Information shown:
· · · · · · ·

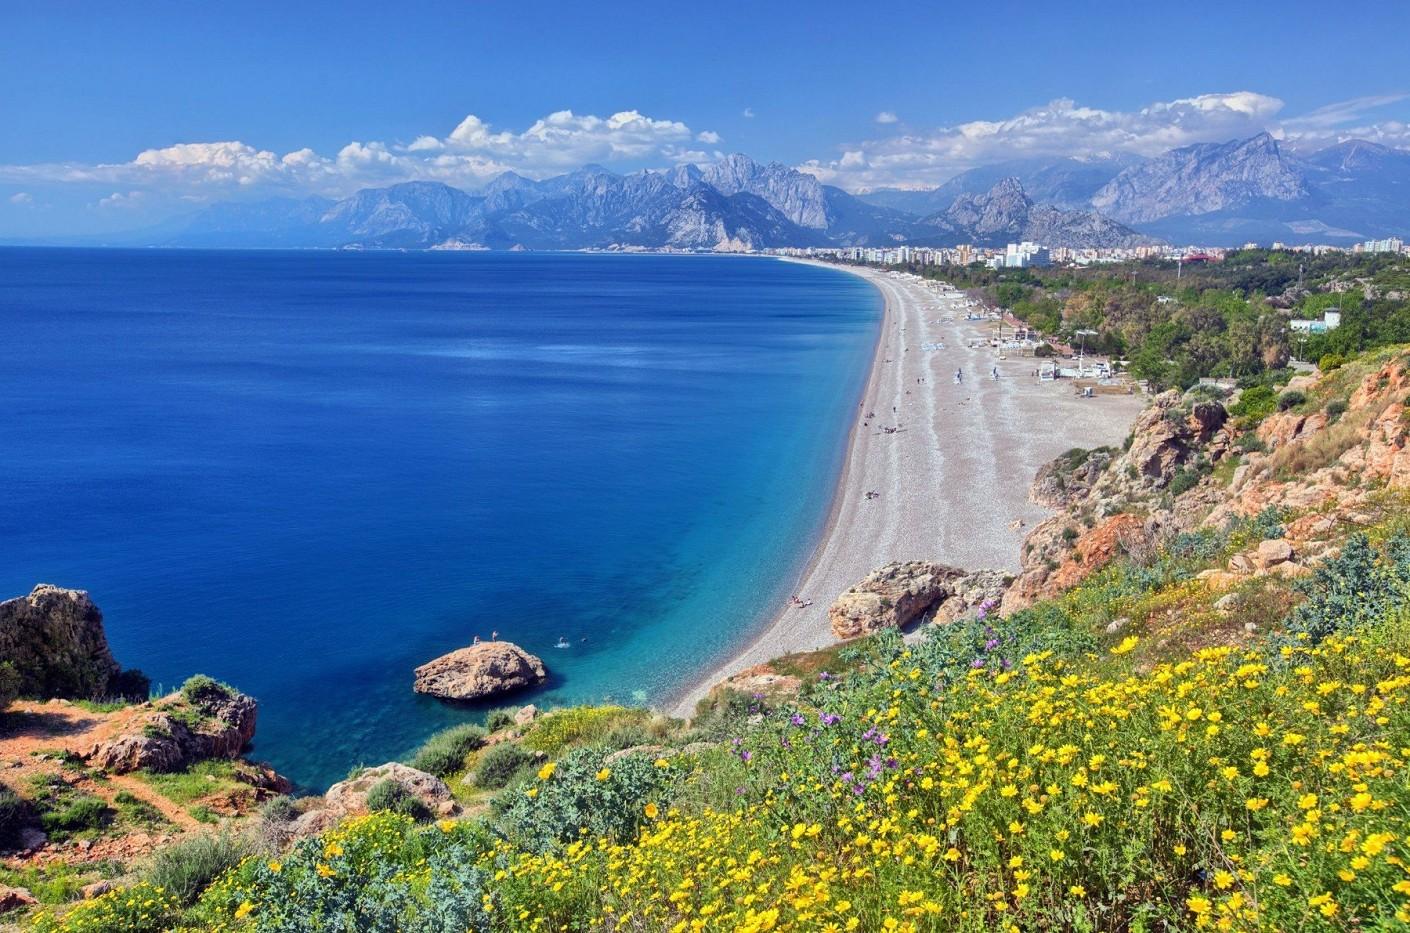 Ką verta žinoti prieš vykstant į Antalijos regioną?
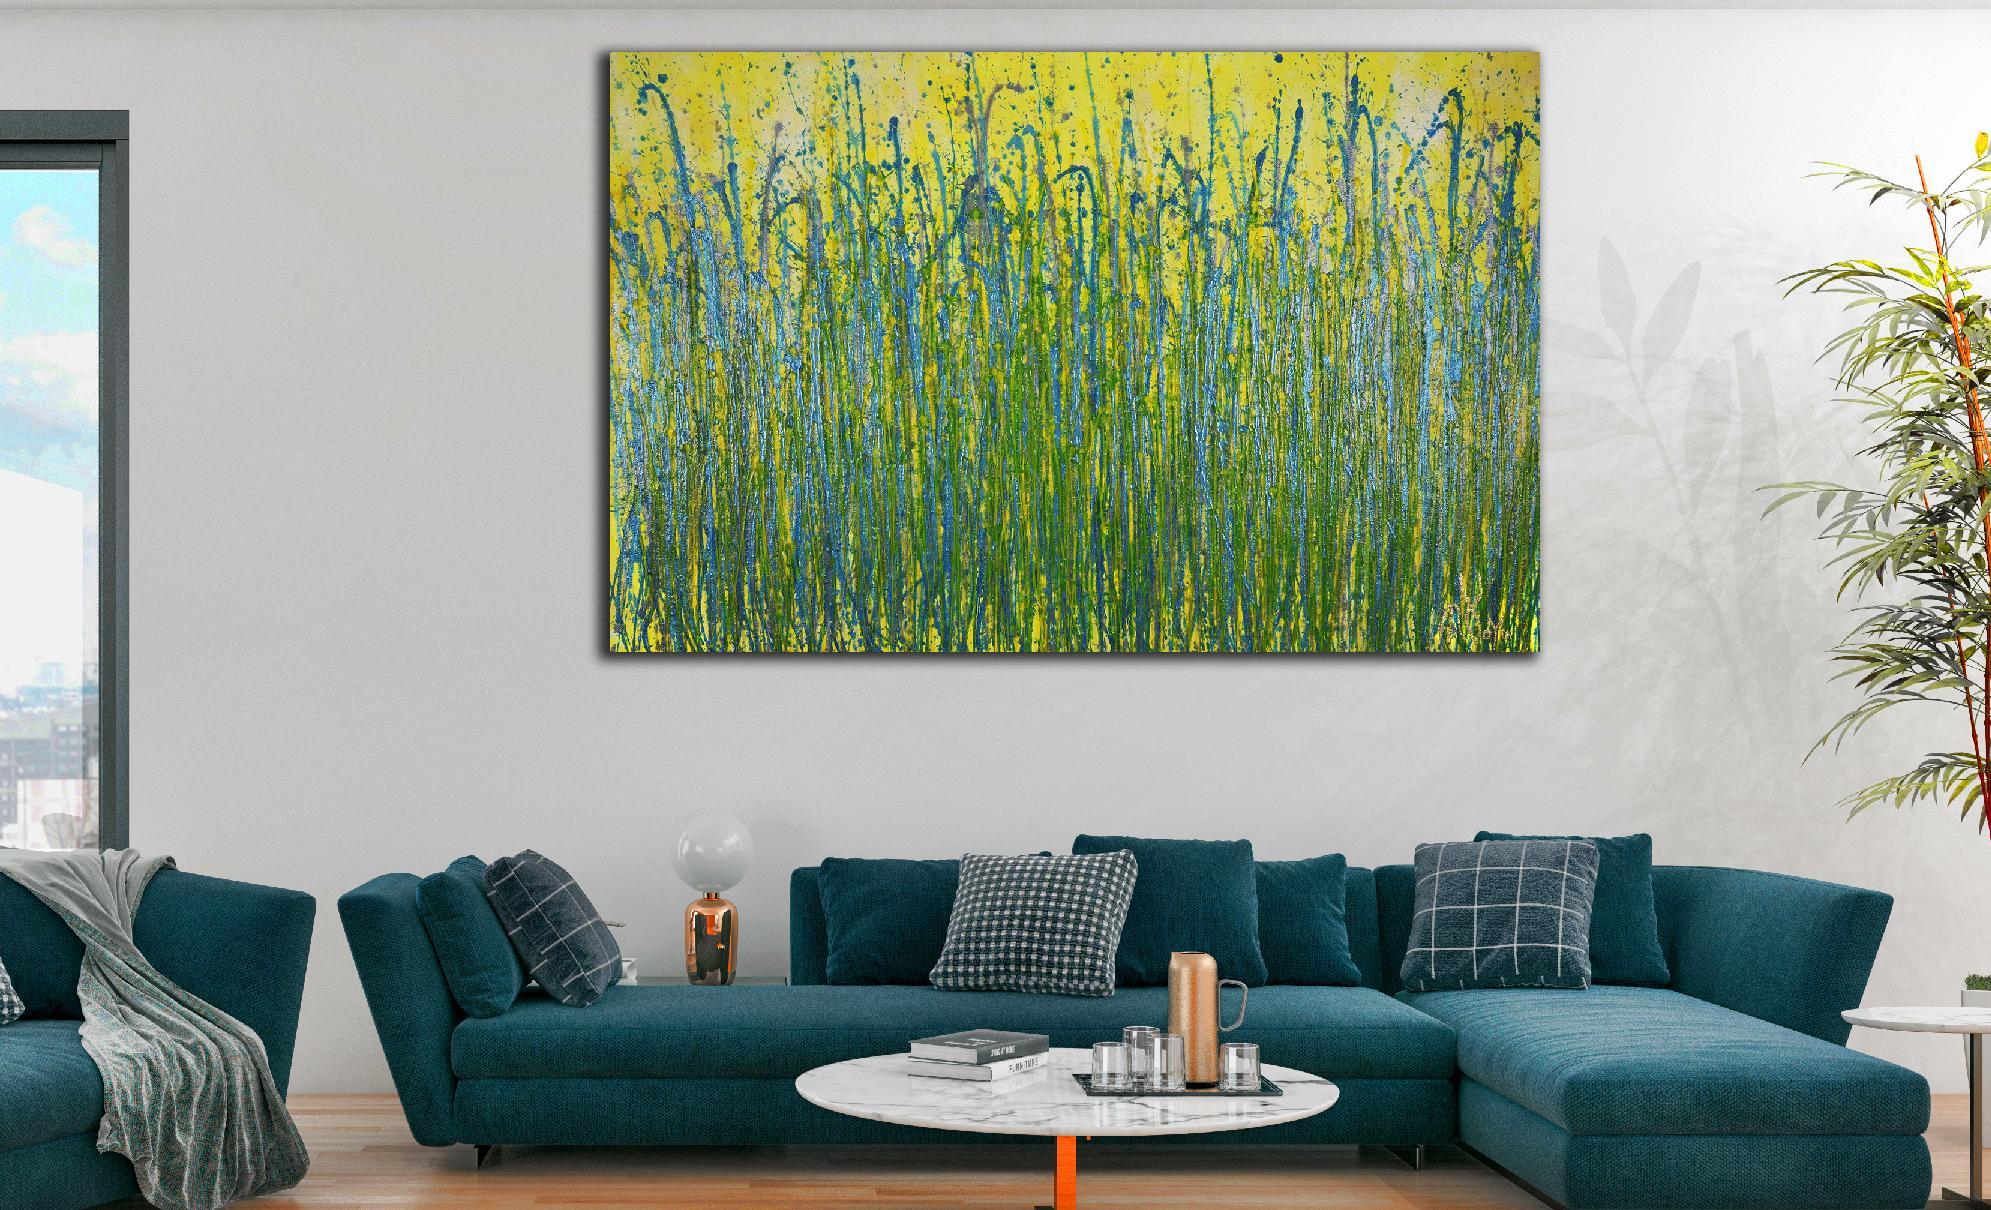 Room View - A closer look (Luminance garden) 4 (2020) by Nestor Toro
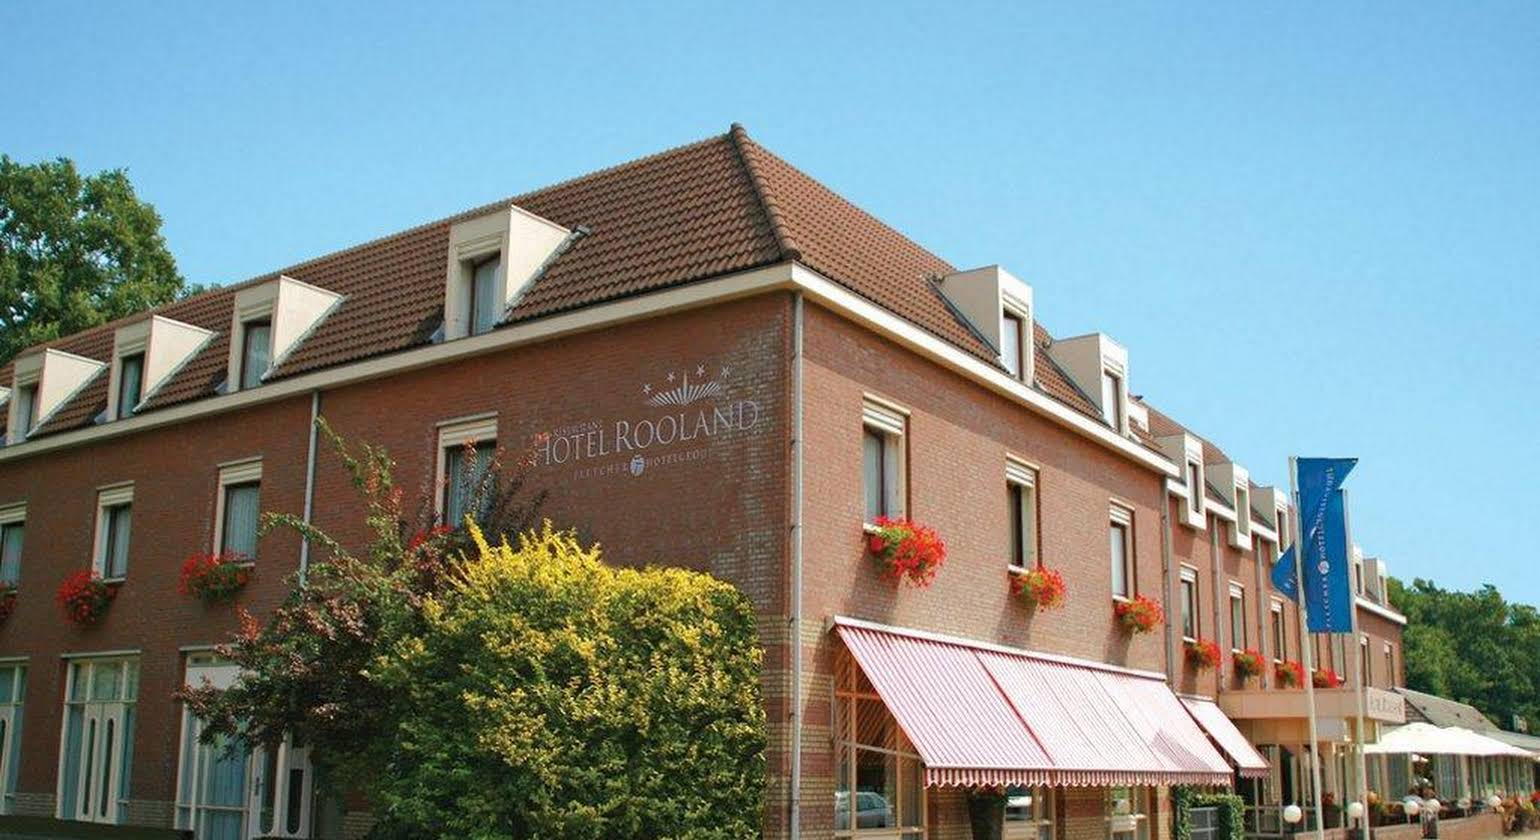 Fletcher Hotel Restaurant Rooland

· · · · · · ·

Task goal: Only the lines from the one containing "Room View - A" through the final line of the data should be given again, exactly and without pictures.

Your response:
 Room View - A closer look (Luminance garden) 4 (2020) by Nestor Toro
 Fletcher Hotel Restaurant Rooland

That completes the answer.